C’était sans compter avec Claudie Ayass, Solange Bassal et Antoine Khalo. Déterminéss à poursuivre l’œuvre de bienfaisance au profit des immigrants, ils se sont attelées, dès 2000, à faire redémarrer l’association à but non lucratif avec une nouvelle organisation et un nouveau nom : « L’Entraide » … et c’était bien de ça dont il s’agissait : hébergement, recherche d’emploi, appui aux enfants scolarisés, support financier aux familles dans le besoin, visite aux personnes âgées, assistance aux malades, soutien moral… Les familles fraichement débarquées étaient accueillies en bonne et due forme par cette ONG…

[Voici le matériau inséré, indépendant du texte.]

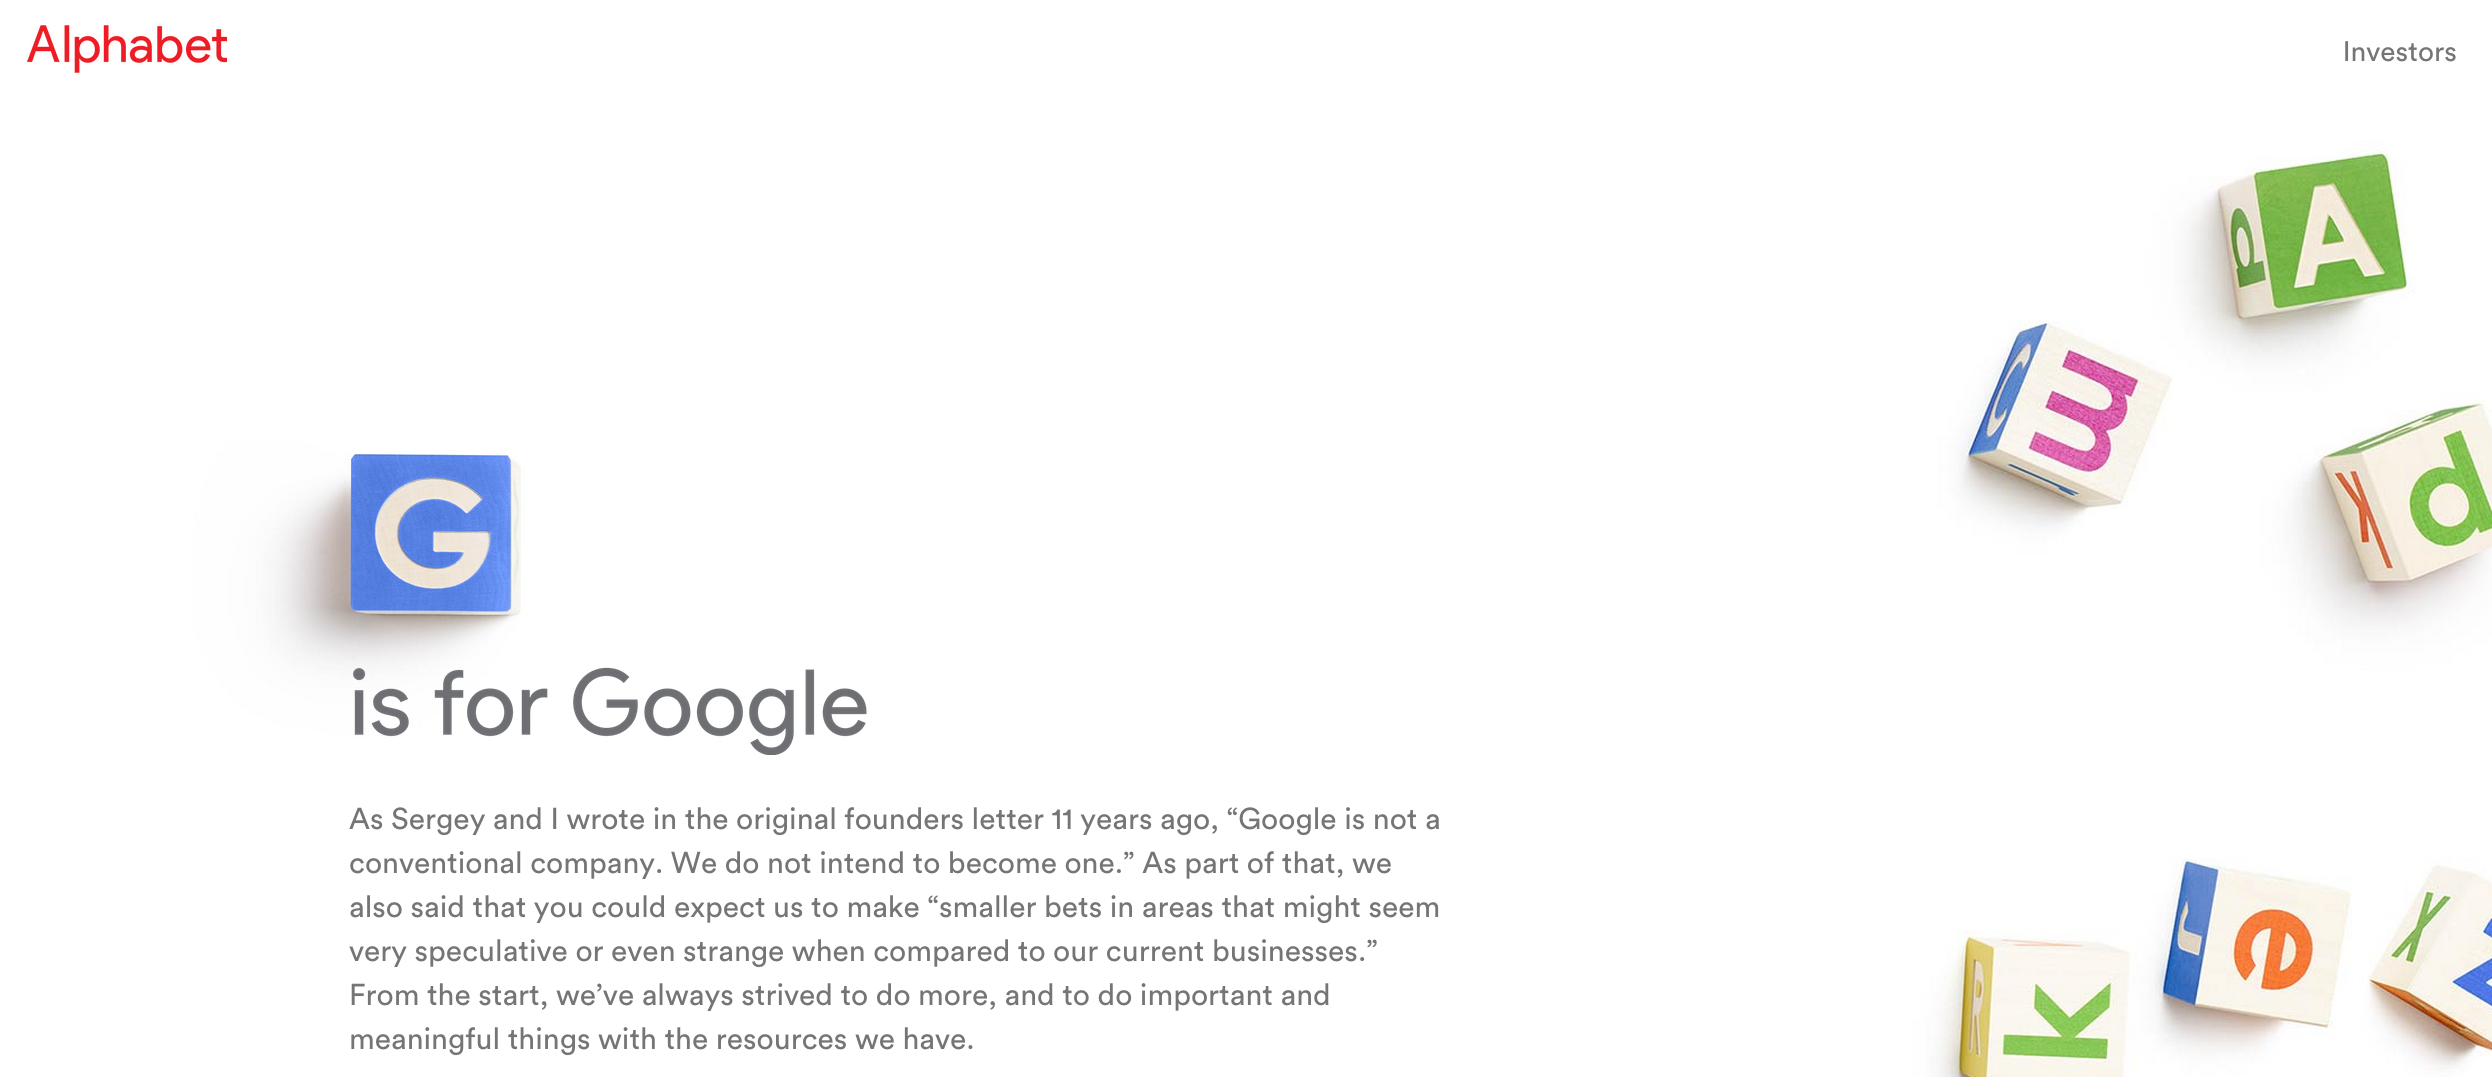 Google To Officially Become Part Of “Alphabet” Holding Company This Afternoon

Avec la communauté qui comptait déjà trois générations d’immigrants (auxquels se sont joints les Jordaniens, les Palestiniens, tous ces Chrétiens d’Orient déplacés), L’Entraide s’est restructurée en quatre volets : social, communautaire, culturel et caritatif sur la base d’une adhésion annuelle.
Et cela dure depuis 60 ans et se traduit par une multitude d’activités orchestrées par un conseil d’administration dynamique présidé par la vaillante Claudie Ayass, médaillée 2 fois pour son action bénévole, et qui gravitent autour de la réflexion, du dialogue et des échanges interculturels : conférences intellectuelles, animations intergénérationnelles, cours de musique, club de lecture, excursions à la découverte du Québec, bourses d’études, le tout animé par une myriade d’une quarantaine de bénévoles qui butinent sans relâche et à qui L’Entraide consacre, chaque année, un brillant cocktail officiel en signe de reconnaissance de leur travail et de leur présence indéfectibles.

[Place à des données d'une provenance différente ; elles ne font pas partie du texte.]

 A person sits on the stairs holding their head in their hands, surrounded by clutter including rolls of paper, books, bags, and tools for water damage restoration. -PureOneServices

Il faut surtout signaler, au-delà des actions ponctuelles, nombreuses et variées, que l’Entraide c’est surtout un esprit de partage et de soutien qui renforce les liens des communautés moyen-orientales, pourtant bien ancrées dans la réalité québécoise. Pas de nostalgie ou de caucus entre soi, pas de politique, mais une grande famille, une allégeance, des retrouvailles, l’occasion de donner une visibilité aux talents de chez nous, une épaule amicale, des racines sauvegardées (la sociabilité, l’ouverture aux autres), des traditions perpétrées, à quoi s’ajoute la constitution d’un terreau, une référence « autre » pour la nouvelle génération née en terre d’ « exil ».
Sans nullement se positionner comme un référant idéologique, l’Entraide c’est aussi un engagement de tous les jours, de toute une vie, une œuvre plantée dans la foi, qui affirme et partage des prises de position conformes à nos habitudes et à nos valeurs, une voix pour se faire entendre dans un environnement étranger à nos us et croyances (cf. l’émission phare à la radio du Dr.Raouf Ayass : Chrétiens du Moyen-Orient), une présence soutenue par un bulletin bimensuel, un courriel amical qui annonce et rappelle les différentes activités, une commémoration, des jeux de cartes, des soirées St -Valentin, un verre de l’amitié en arrivant, des bouchées pour accueillir à l’orientale, des sourires, de l’accueil, de l’acceptation…
Une autre façon de résister tout en s’intégrant harmonieusement à la société d’accueil et d’assumer sa citoyenneté sans renoncer au legs de ses origines.